As does Patrick Sullivan, owner and bartender at the B-Side Lounge in Cambridge. “Bitters obviously plays a role in manhattans and old-fashioneds, but also in what could be excessively sweet drinks,” Sullivan says. “Just a dash or two can help balance everything out, so it’s not just all sugar.” Sullivan makes a cuba libre that mixes rum, gin, cola, and lime juice with two or three dashes of Angostura. He makes his own orange bitters by steeping a case of Seville orange peels in a gallon of grain alcohol along with a secret potpourri of botanicals.
At the Federalist, bar manager Srdjan Bajas knows a thing or two about bitters, since he worked at one of the best bars in Munich, Schumann’s American Bar, where America’s forgotten cocktail tradition lives on—and where bitters are used with abandon. Bajas says one of the most popular house cocktails there is the Due Campari, made with a sweet white Campari (in limited supply in this country), classic red Campari, a dash of lemon juice, and a splash of champagne. The resulting cocktail is the essence of perfect balance, and will be available at the Fed this fall.

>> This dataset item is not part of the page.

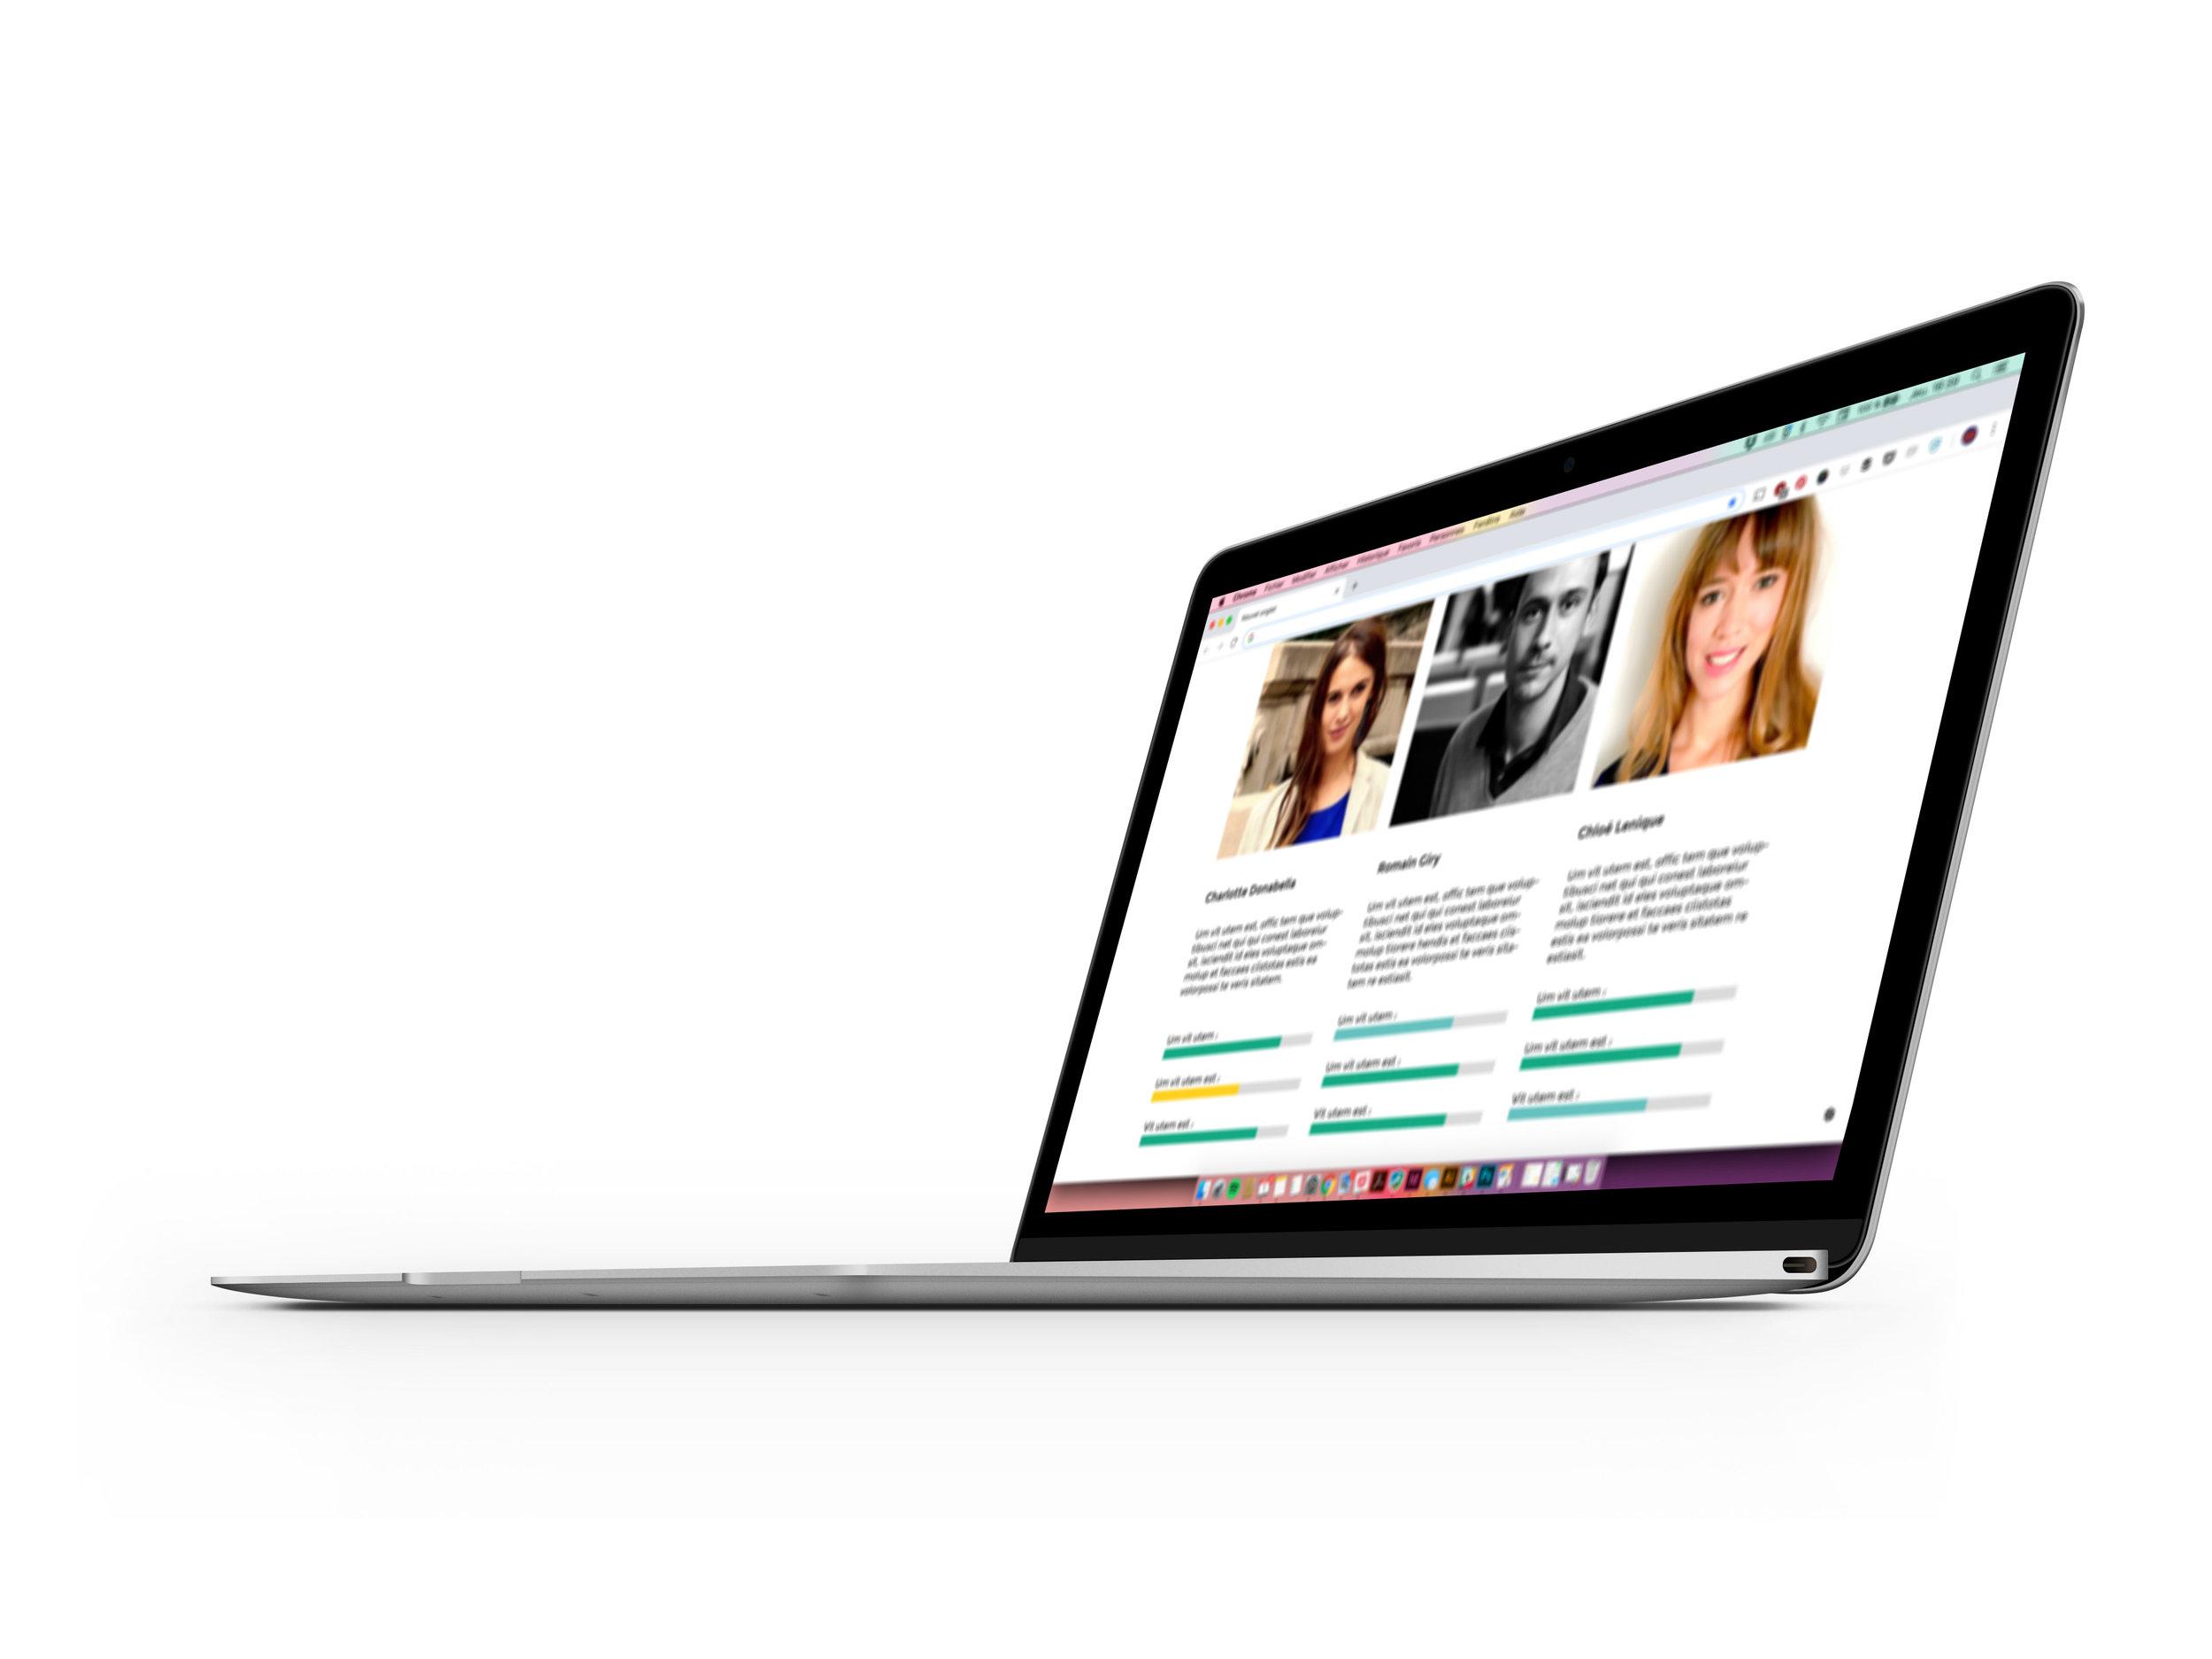 MacBook-Retina-Display-Psd-Mockup.jpg
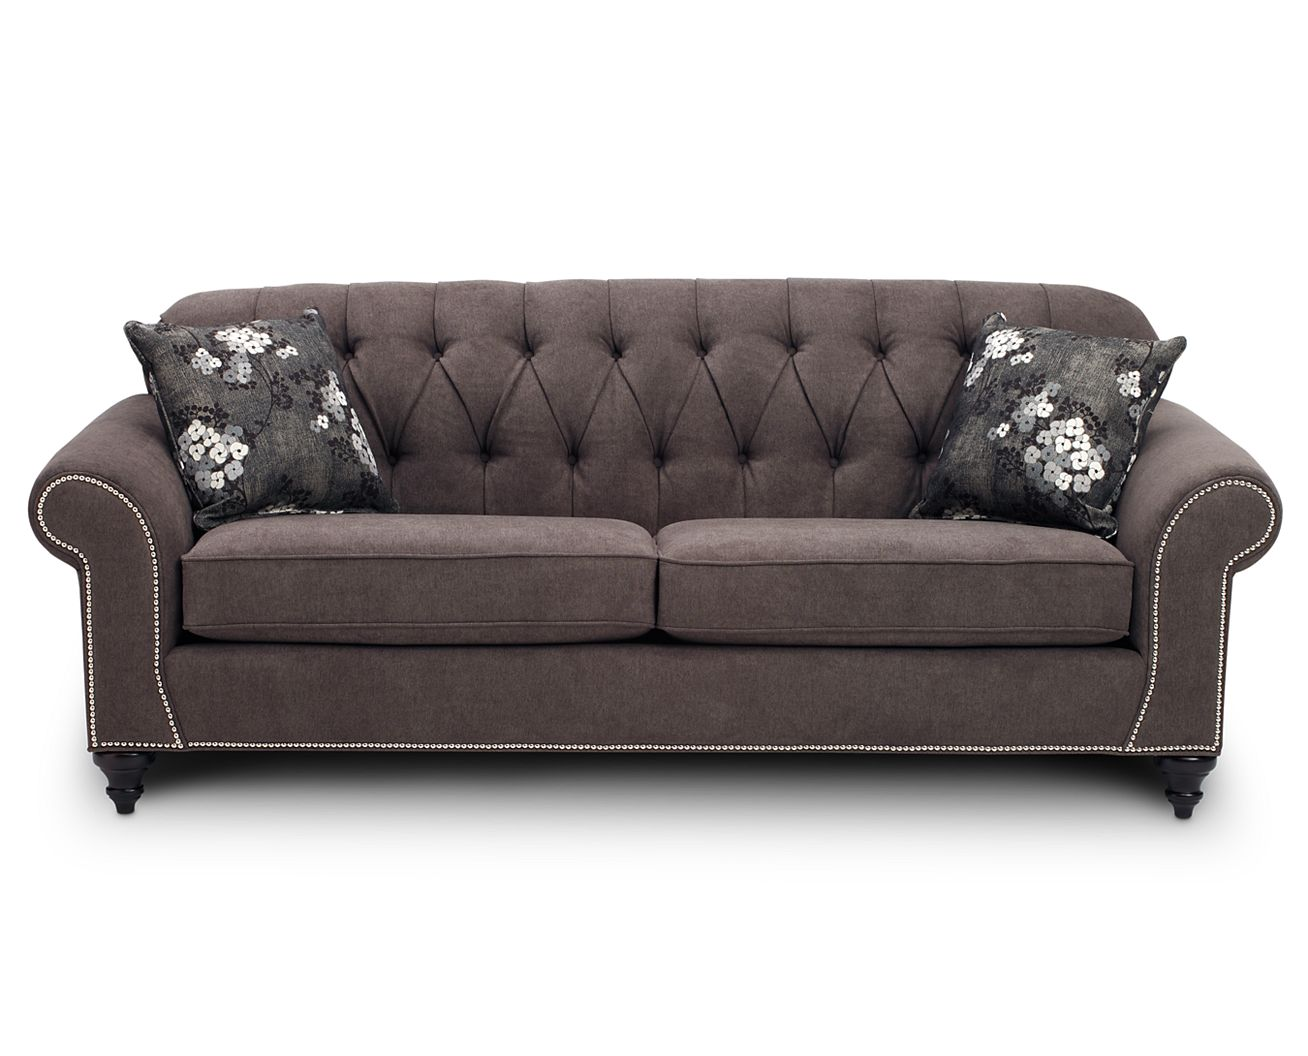 Elegant Living Room Furniture Stylish Sofas Furniture

You can also try his twist on the champagne cocktail, the “Prince of Wales” (recipe below). Fellow Euro Pelle Johansson, the “bar chef” at Excelsior, is also a self-proclaimed bitters guy and employs it in his riff on the old-fashioned, called the “timeless modern” (recipe below). I love that he uses maraschino liqueur instead of sugar, which plays the perfect ying to the bitters’ yang. Try finding this kind of harmony in a cosmo.
Which was the point of this exercise in the first place: to find bartenders who know a thing or two about balance. I won’t tell on those who didn’t know their Angostura from a hole in the wall, but as for the lass who asked me to refresh her memory when I ordered a negroni, I’d advise her not to quit her day job.